Eric Partridge wrote enough and was successful enough to become a recognizable, and thus valuable, brand. He was certainly the best-known and most prolific slang lexicographer of his day. So it is hardly surprising to see his name exploited by Routledge—his longtime and ever-faithful publisher—in what was dubbed The New Partridge Dictionary of Slang and Unconventional English (NP) when it was first published in two volumes in 2006. This “new” work was ostensibly built upon the foundations of Partridge’s original slang dictionary that began life in 1937 with more than 40,000 entries and was expanded over six decades until, in DSUE8 (1984), it encompassed some 57,000 headwords, under the editorship of Paul Beale. The heft of the “New Partridge,” edited by Tom Dalzell and Terry Victor, derives in large part from its generous use of citations—in fact, “hundreds of thousands of citations from popular literature, newspapers, magazines, movies, and songs illustrating usage of the headwords” (Preface). Since such an ambitiously expansive work comes with a high price tag ($335/£210 for the second, slightly expanded, edition of 2012), Routledge soon issued what purports to be a slim-line sibling in one volume, The Concise New Partridge Dictionary of Slang and Unconventional English (2007)—henceforth CNP. The second edition (2015) of this “concise” version (CNP2) is the subject of this critique.

The editors are surprisingly frank about the well-documented shortcomings of Partridge’s dictionary efforts—those “features of his work that have drawn criticism over the years”: quirky alphabetizing, problematic dating, “etymologies that strayed from the plausible to the fanciful,” subjective classification by register (slang, cant, coarse, vulgar, etc.), and the effective exclusion of American slang. That they were not blinded by Partridge’s reputation is reassuring and at least speaks to pitfalls they have avoided in all versions of their dictionary—they wisely avoid any classification by register, for example. But, given their succinct summary of his defects, it is a stretch to see them as “proud heirs of Partridge” who are “work[ing] hard to continue the Partridge tradition, observing high standards of lexicography ….” In truth, the editors appear to be uncomfortably burdened with a name they cannot disclaim in light of the Routledge investment in the man and the product. [End Page 174]

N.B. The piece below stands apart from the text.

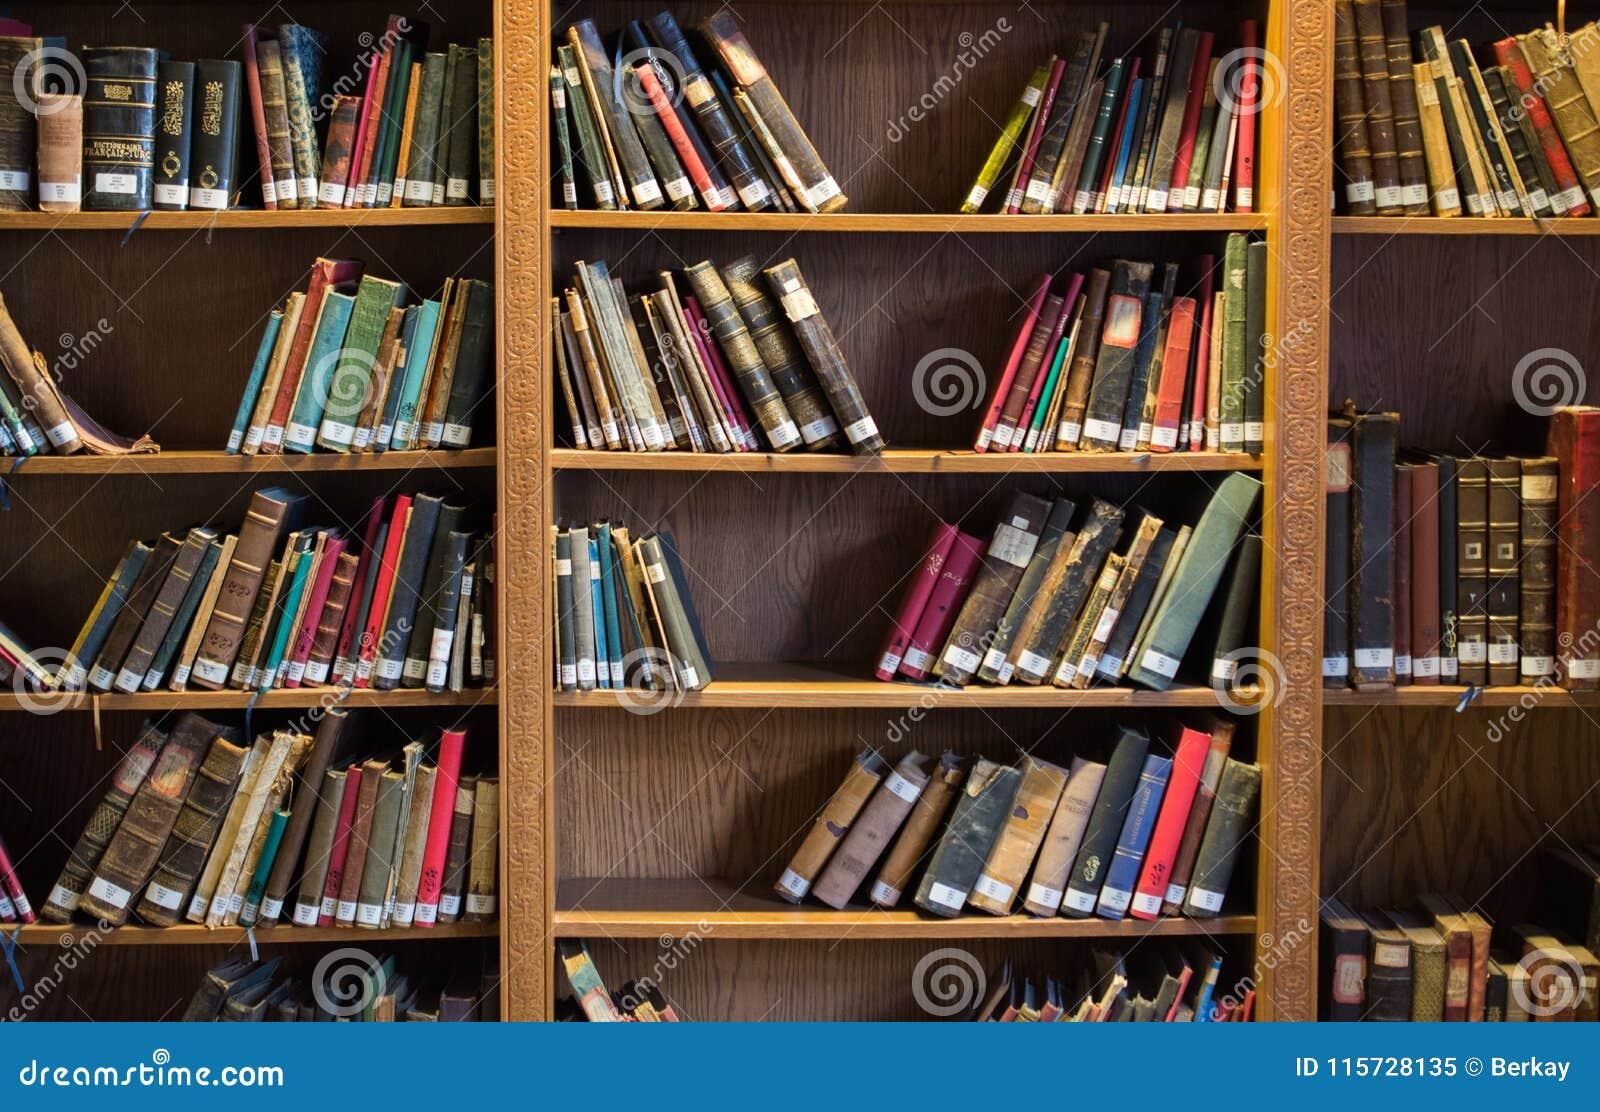 Download Bookshelf With Turkish Ottoman Handwriting Books Stock Image

At 864 pages, the dictionary is hardly concise (OED definition: “expressed in few words; brief and comprehensive in statement”); perhaps “Shorter”—as in The Shorter Oxford English Dictionary—would have been more a more accurate label. The editors—or perhaps the publisher—determined to retain the full complement of some 60,000 headwords and thus the path to concision required eliminating many of the “hundreds of thousands of citations”—albeit at what is arguably a significant cost to the value of the dictionary. After all, the three criteria for inclusion in CNP and CNP2 listed in the preface are 1) slang and unconventional English, 2) used anywhere in the English-speaking world, 3) after 1945. So words in circulation well before 1945 need the kind of evidential support that will both validate their inclusion and suggest their distributional and temporal range. Without the citations, these goals cannot be fully met. Consider, for example, the short entries for larrup and larruping. In NP, the entries read:

larrup verbto beat, to thrash, to hit vigorously UK, 1823He’s just larruped a shot from distance which beat the keeperbut not the post—into the side netting

The Guardian, 26 February 2003

larruping nouna thrashing UK, 1889From LARRUP (to beat).“It would have done them good if they had had a good‘larruping’,” the judge [Lord Chief Justice Goddard] surmised

The Guardian, 22 May 2002

But in CNP(2), the entries have been pared down so that there is no evidence at all of contemporary usage:

larrup...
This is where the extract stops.